(Task objective) Omit the pictures and extract only the lines from the line containing "Bewerbungsvorlagen - modern, kreativ" to the end of the material, each exactly as written.

### Supplied material

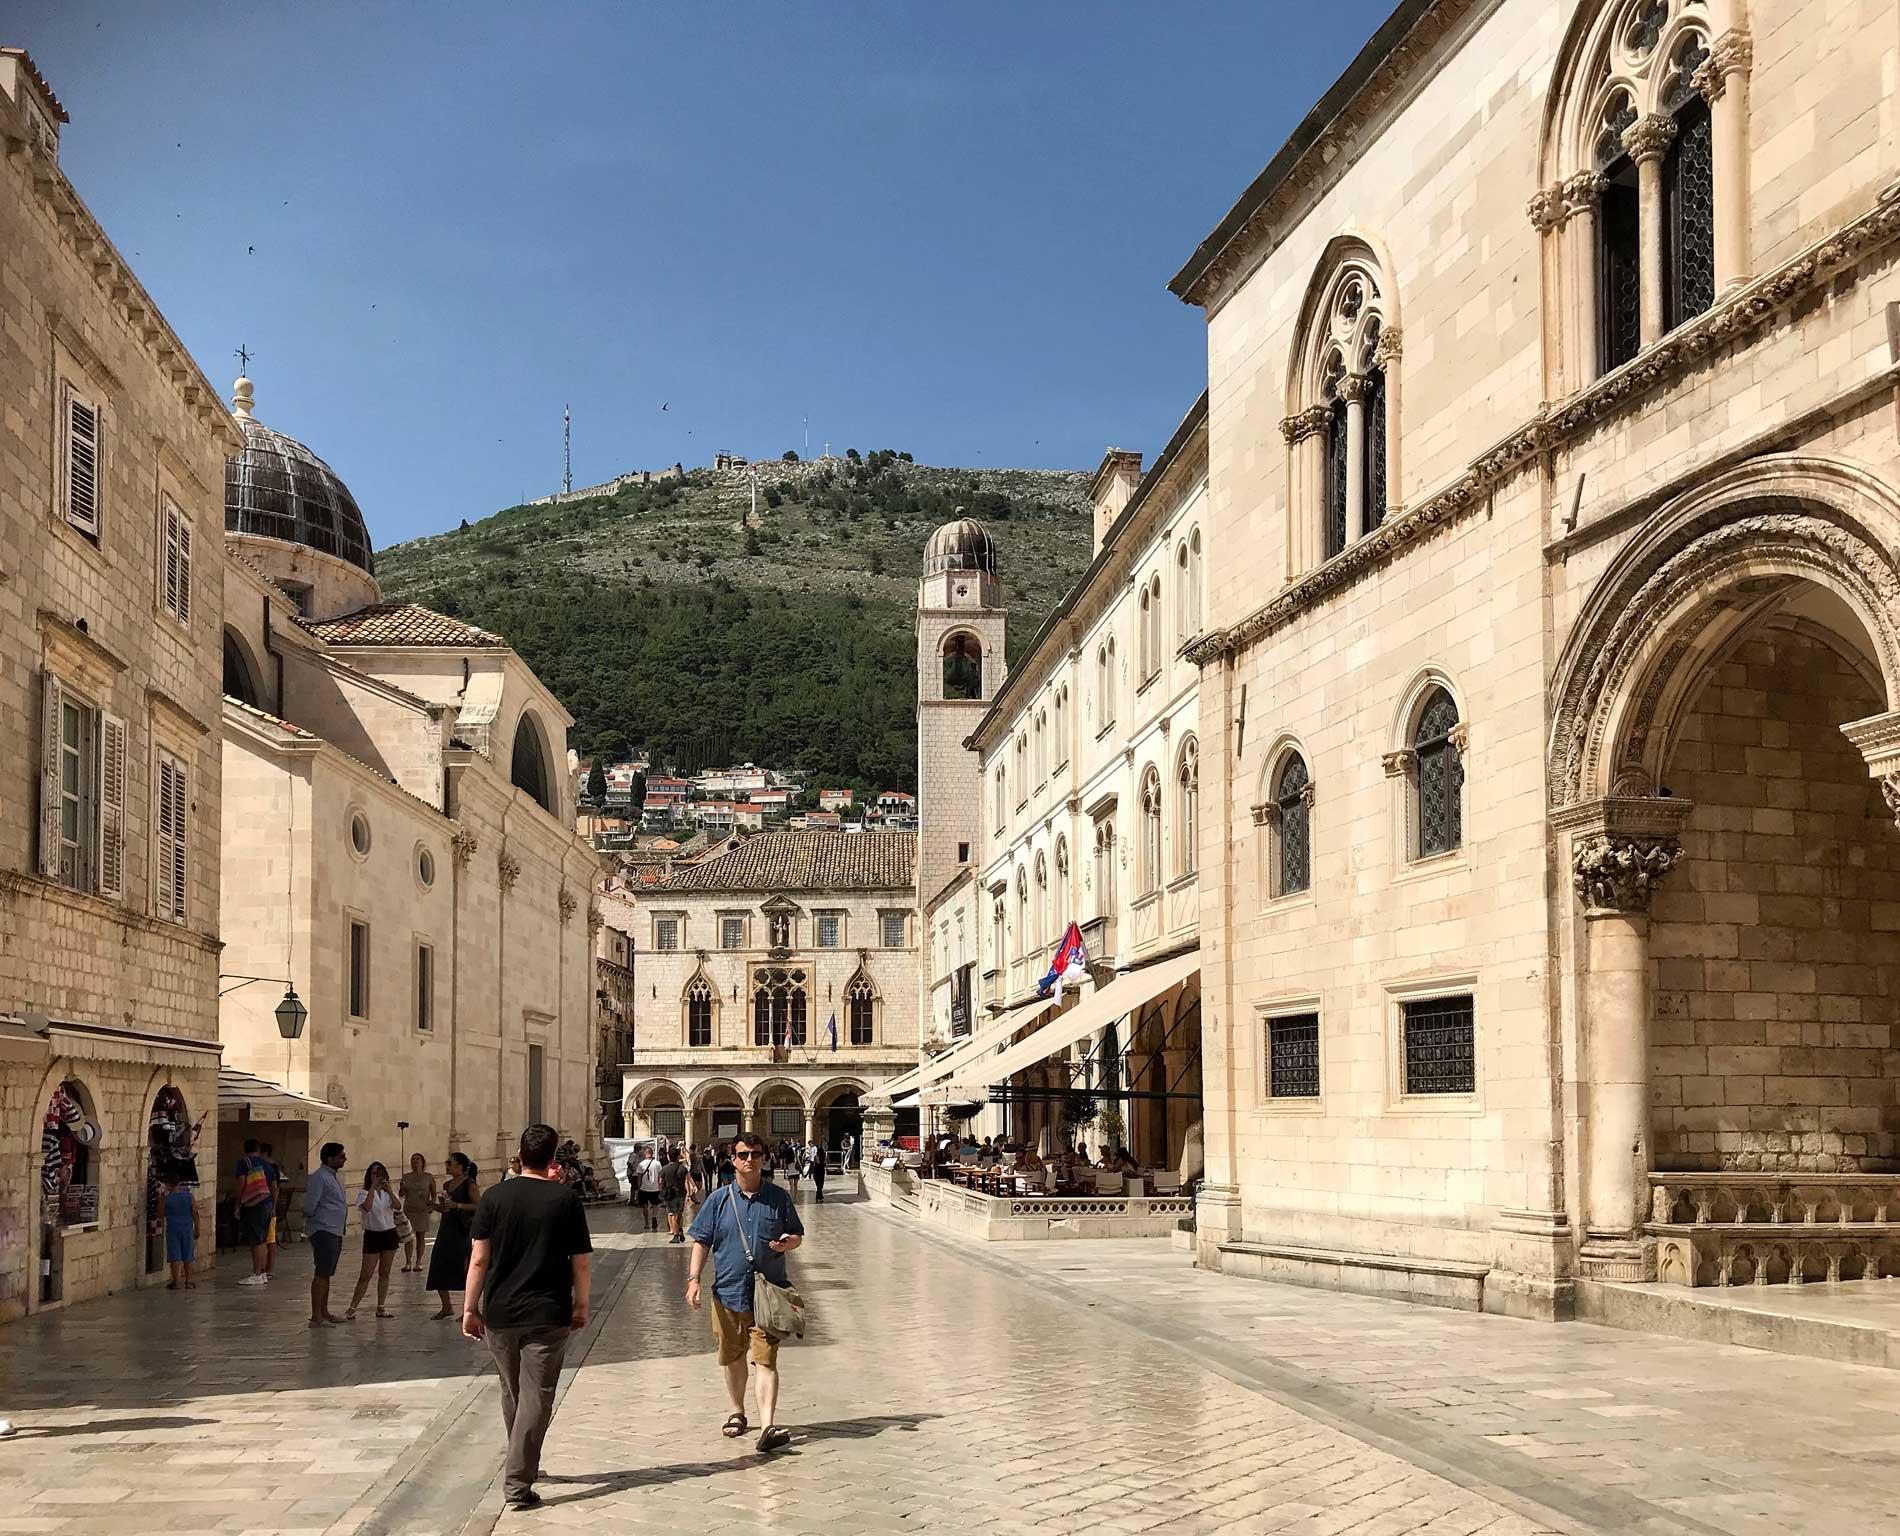 Dubrovnik-Croazia-panorama-dalla-Cattedrale-palazzo-dei-rettori
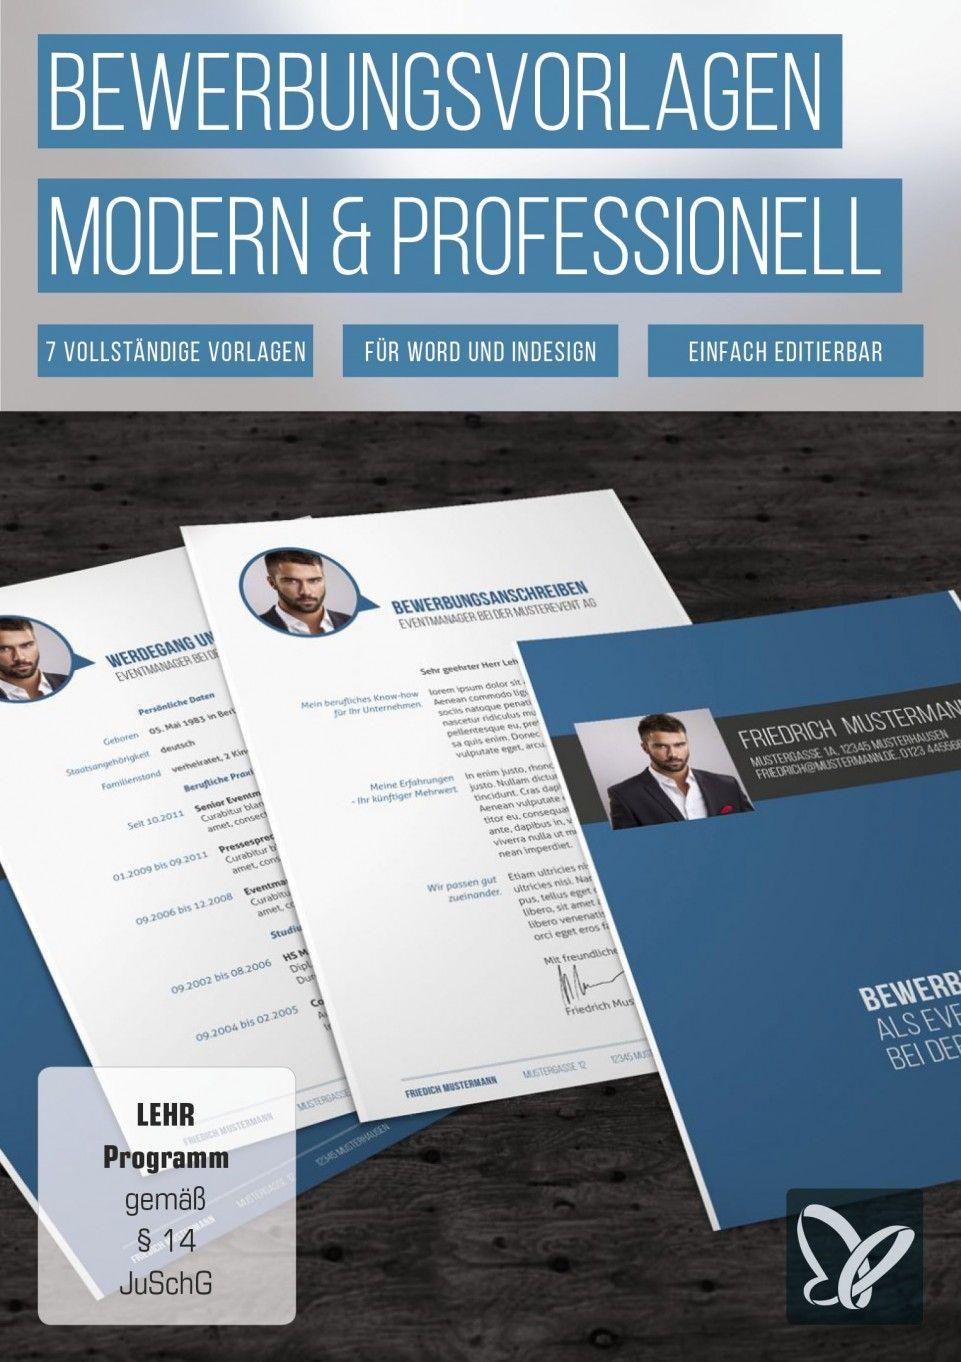 Bewerbungsvorlagen - modern, kreativ und professionell   Neuer job ...
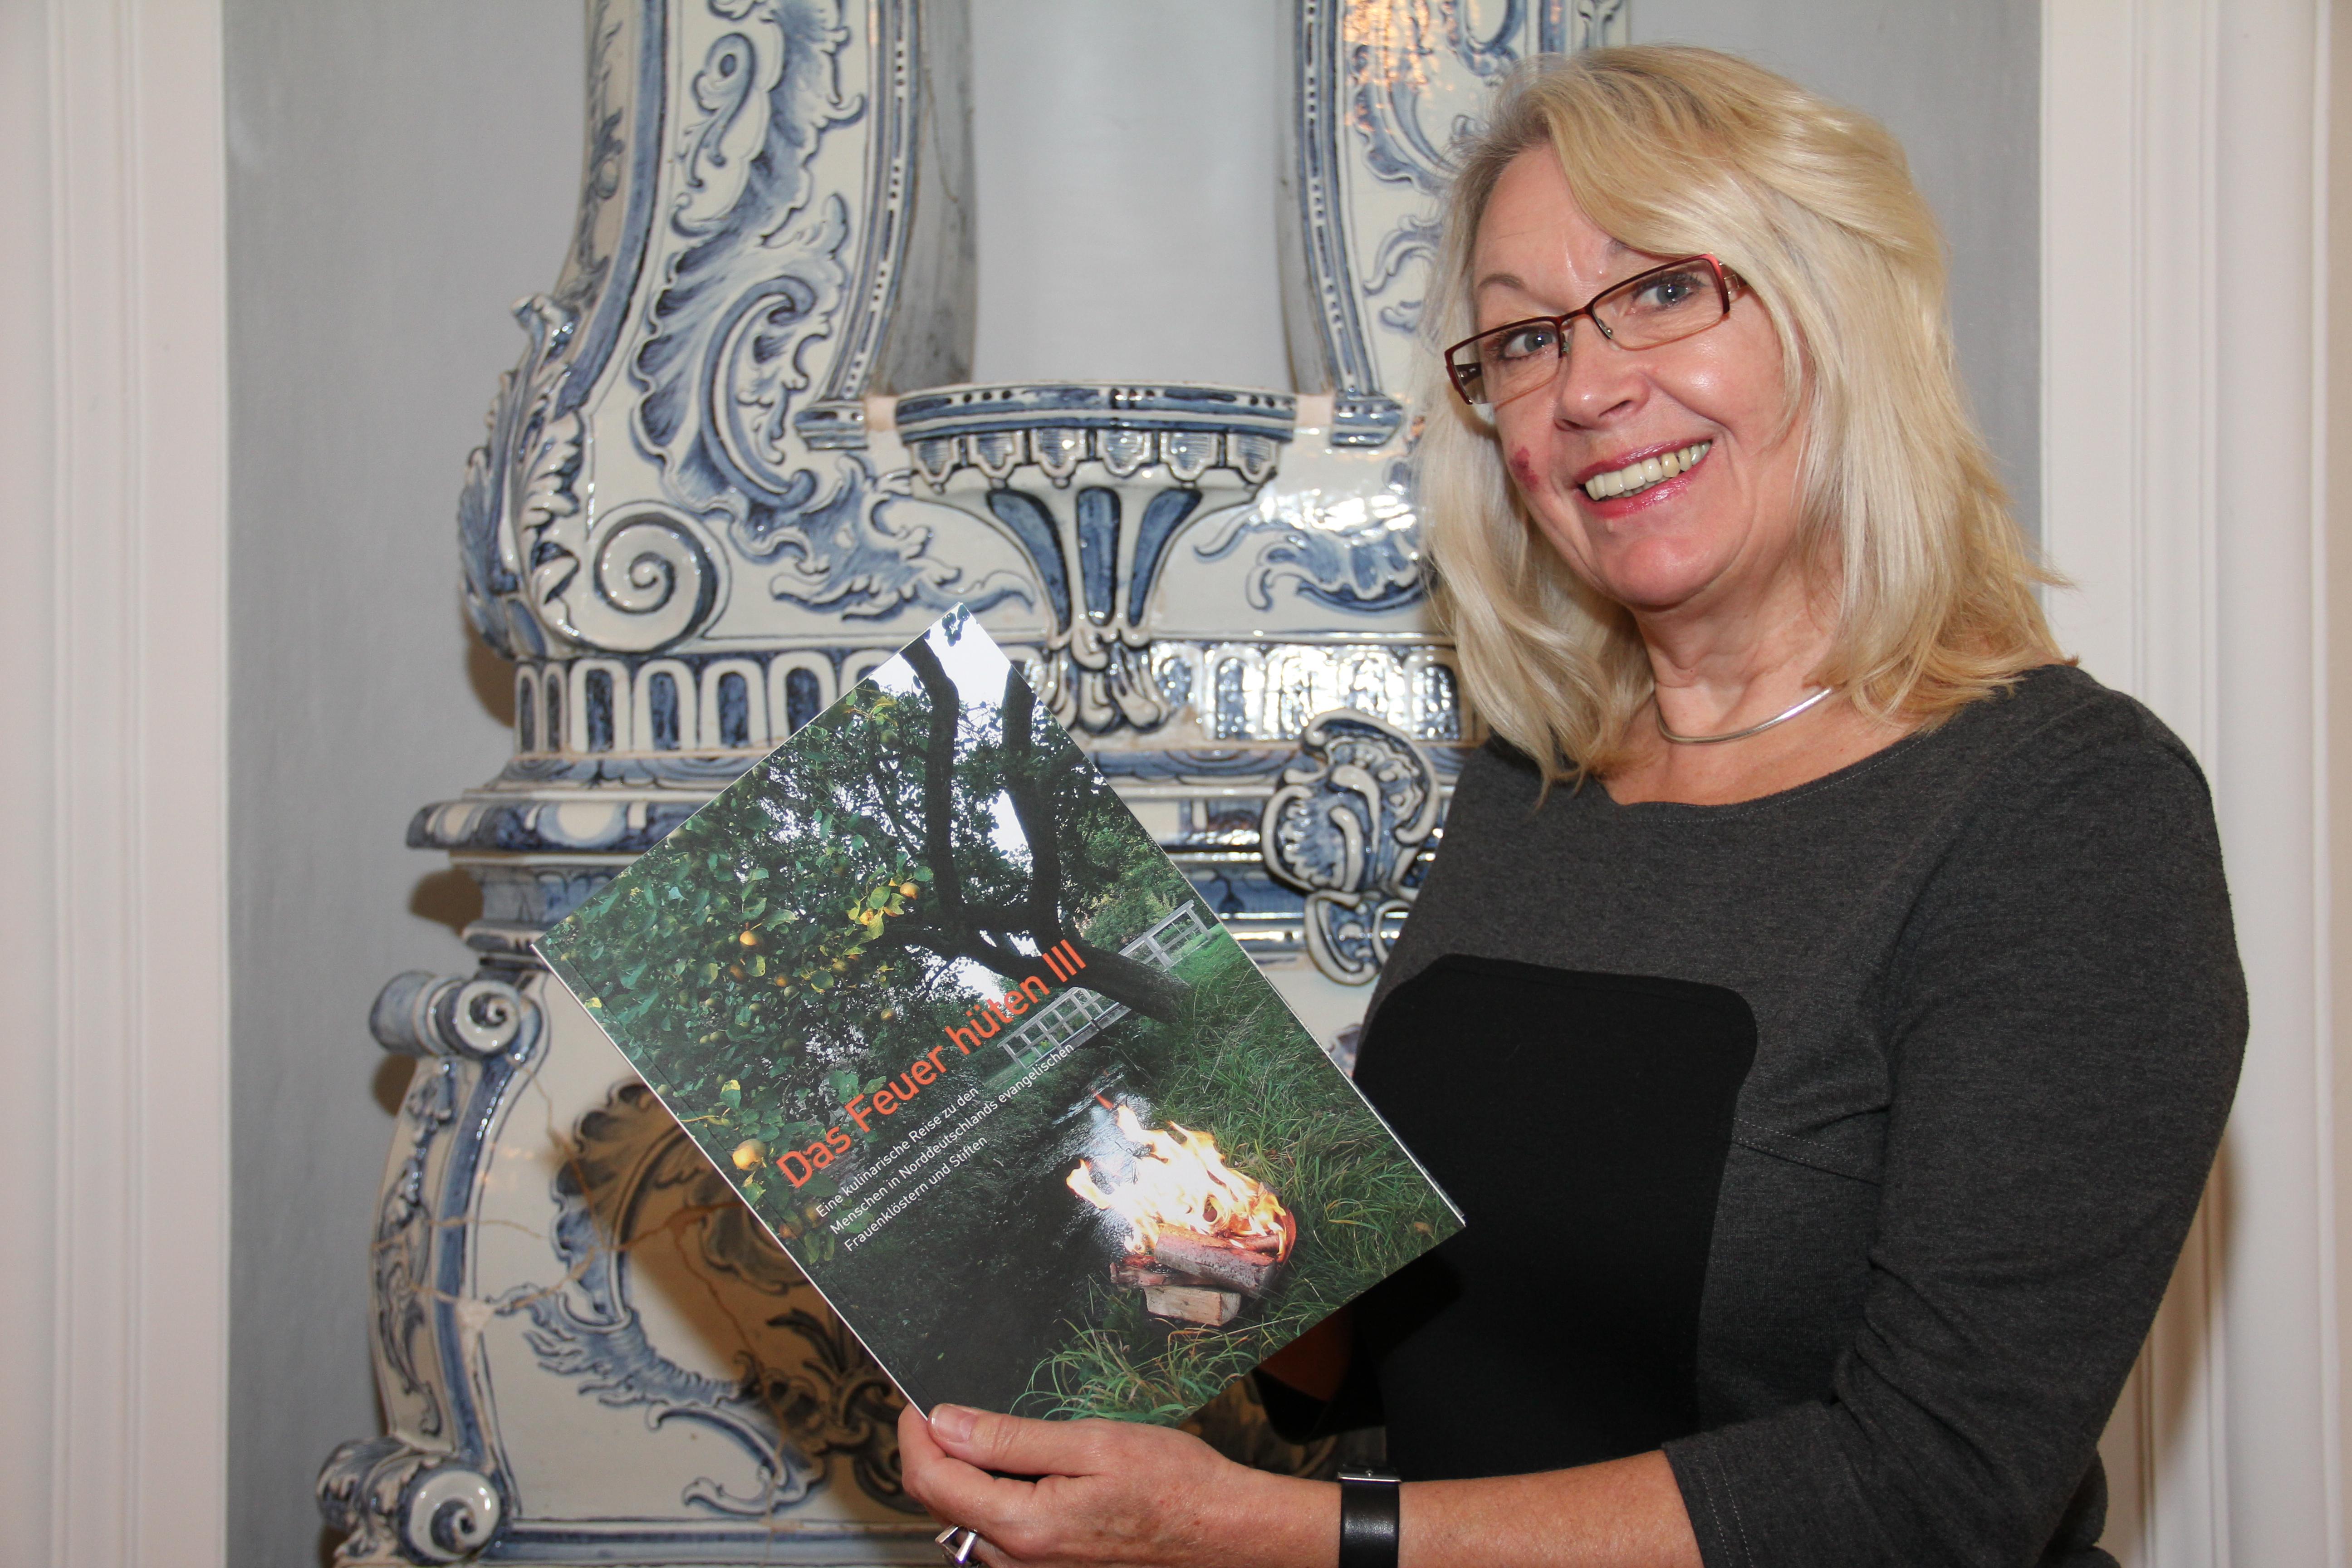 Äbtissin Woitack nimmt die neue Ausgabe in Empfang, Foto: Kristina Weidelhofer

######

(Response box)
 Bewerbungsvorlagen - modern, kreativ und professionell   Neuer job ...
 Äbtissin Woitack nimmt die neue Ausgabe in Empfang, Foto: Kristina Weidelhofer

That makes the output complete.